Here's some snippets of dmesg log where the issue occurs on 3 dells:

Dell XPS 9380:
[95784.411872] PM: Saving platform NVS memory
[95784.411893] Disabling non-boot CPUs ...
[95784.413309] ACPI Error: AE_BAD_PARAMETER, Returned by Handler for [EmbeddedControl] (20181213/evregion-266)
[95784.413332] 
[95784.413335]   Local0: 00000000608d0738 <Obj>           Integer 0000000000000000
[95784.413349] Initialized Arguments for Method [ECR1]:  (1 arguments defined for method invocation)
[95784.413351]   Arg0:   000000005ec5fa8f <Obj>           Integer 000000000000000B
[95784.413361] ACPI Error: Method parse/execution failed \_SB.PCI0.LPCB.ECDV.ECR1, AE_BAD_PARAMETER (20181213/psparse-531)
[95784.413375] ACPI Error: Method parse/execution failed \_SB.PCI0.LPCB.ECDV.ECR2, AE_BAD_PARAMETER (20181213/psparse-531)
[95784.413387] ACPI Error: Method parse/execution failed \ECRW, AE_BAD_PARAMETER (20181213/psparse-531)
[95784.413397] ACPI Error: Method parse/execution failed \ECGD, AE_BAD_PARAMETER (20181213/psparse-531)
[95784.413407] ACPI Error: Method parse/execution failed \NEVT, AE_BAD_PARAMETER (20181213/psparse-531)
[95784.413418] ACPI Error: Method parse/execution failed \_SB.PCI0.LPCB.ECDV._Q66, AE_BAD_PARAMETER (20181213/psparse-531)

Dell Precision 3520:
[95893.925428] PM: Saving platform NVS memory
[95893.925564] Disabling non-boot CPUs ...
[95893.927607] smpboot: CPU 1 is now offline
[95893.927622] ACPI Error: AE_BAD_PARAMETER, Returned by Handler for [EmbeddedControl] (20181213/evregion-266)
[95893.927653] 
[95893.927656]   Local0: 00000000686401e3 <Obj>           Integer 0000000000000000
[95893.927675] Initialized Arguments for Method [ECR1]:  (1 arguments defined for method invocation)
[95893.927677]   Arg0:   00000000b17d0acd <Obj>           Integer 000000000000000B
[95893.927692] ACPI Error: Method parse/execution failed \_SB.PCI0.LPCB.ECDV.ECR1, AE_BAD_PARAMETER (20181213/psparse-531)
[95893.927712] ACPI Error: Method parse/execution failed \_SB.PCI0.LPCB.ECDV.ECR2, AE_BAD_PARAMETER (20181213/psparse-531)
[95893.927728] ACPI Error: Method parse/execution failed \ECRW, AE_BAD_PARAMETER (20181213/psparse-531)
[95893.927744] ACPI Error: Method parse/execution failed \ECGD, AE_BAD_PARAMETER (20181213/psparse-531)
[95893.927759] ACPI Error: Method parse/execution failed \NEVT, AE_BAD_PARAMETER (20181213/psparse-531)
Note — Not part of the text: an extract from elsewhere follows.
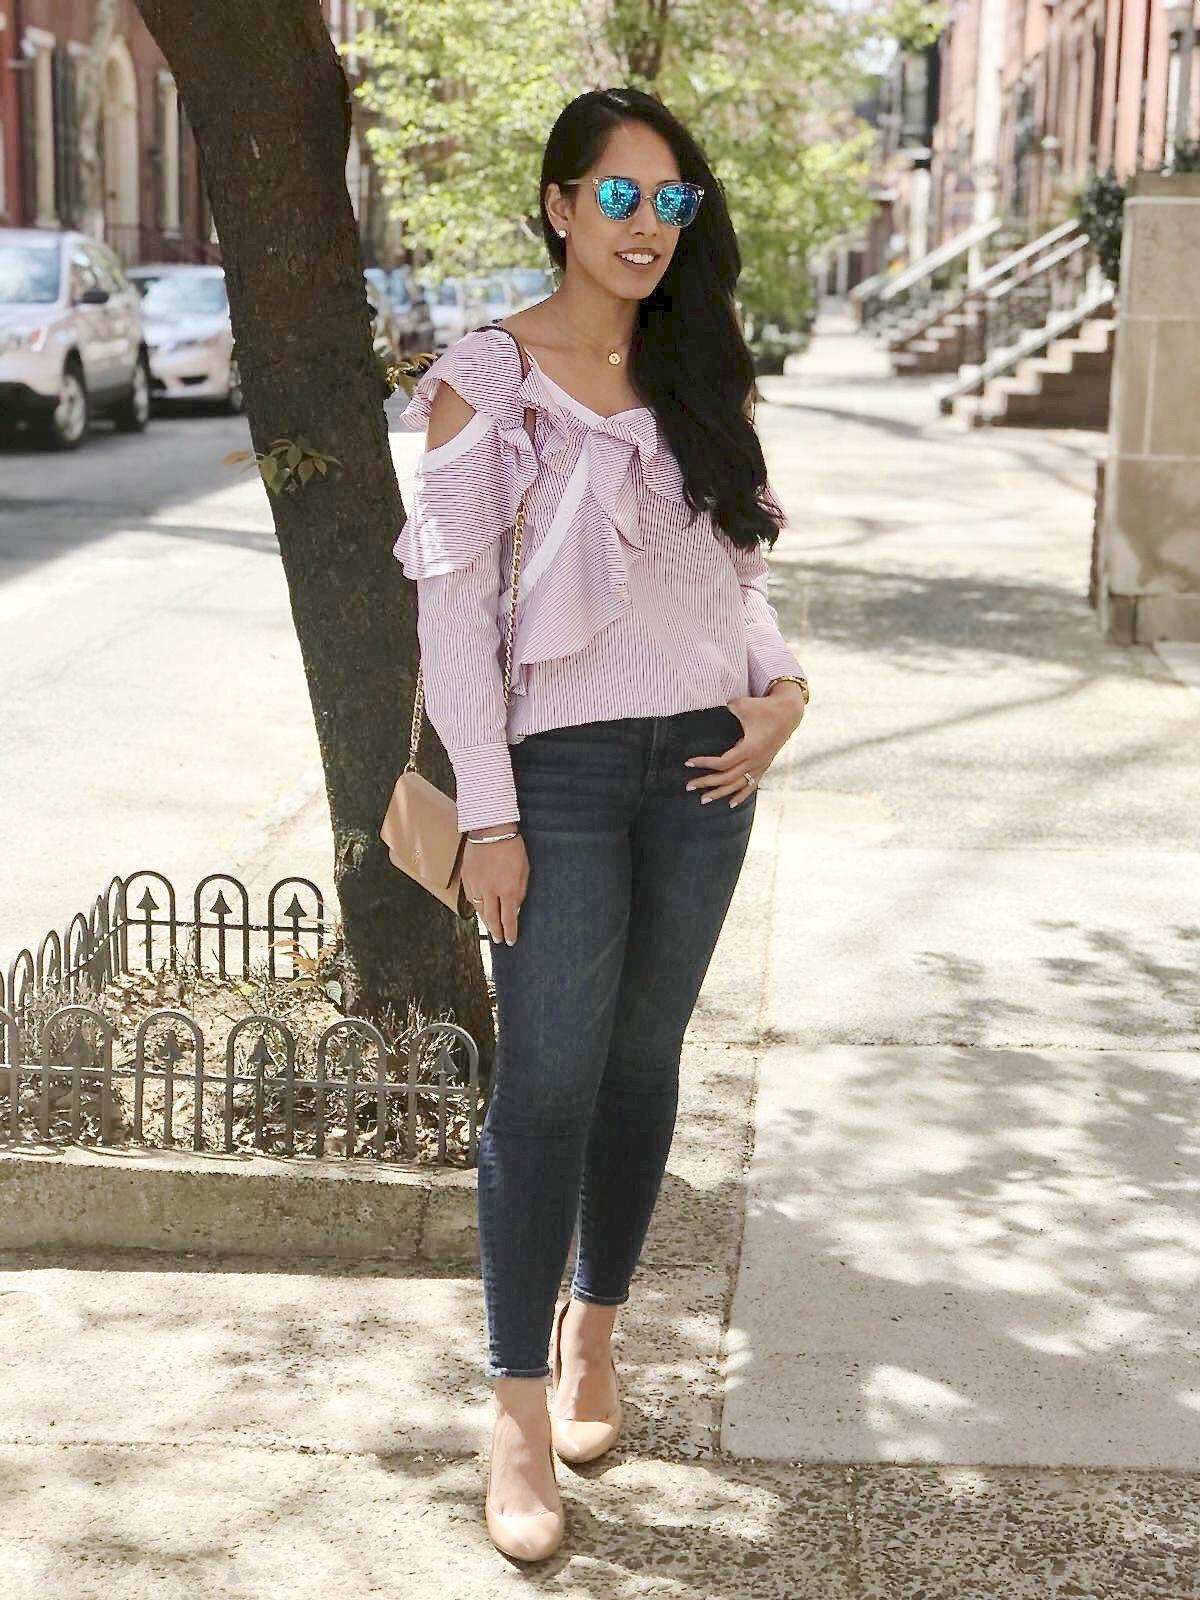 endless-rose-asymmetrical-top-revolve-spring-fashion.JPG

[95893.927775] ACPI Error: Method parse/execution failed \_SB.PCI0.LPCB.ECDV._Q66, AE_BAD_PARAMETER (20181213/psparse-531)


Dell XPS 9370:
[   33.196759] PM: Saving platform NVS memory
[   33.196815] Disabling non-boot CPUs ...
[   33.197105] ACPI Error: AE_BAD_PARAMETER, Returned by Handler for [EmbeddedControl] (20181213/evregion-266)
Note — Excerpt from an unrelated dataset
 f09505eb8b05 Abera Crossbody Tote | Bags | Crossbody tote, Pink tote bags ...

[   33.197112] No Local Variables are initialized for Method [ECW1]
[   33.197114] Initialized Arguments for Method [ECW1]:  (2 arguments defined for method invocation)
[   33.198145]   Arg0:   0000000047ba53b8 <Obj>           Integer 000000000000008A
[   33.198151]   Arg1:   00000000100f24ce <Obj>           Integer 0000000000000002
[   33.198156] ACPI Error: Method parse/execution failed \_SB.PCI0.LPCB.ECDV.ECW1
[   33.198159] smpboot: CPU 1 is now offline
[   33.198160] , AE_BAD_PARAMETER (20181213/psparse-531)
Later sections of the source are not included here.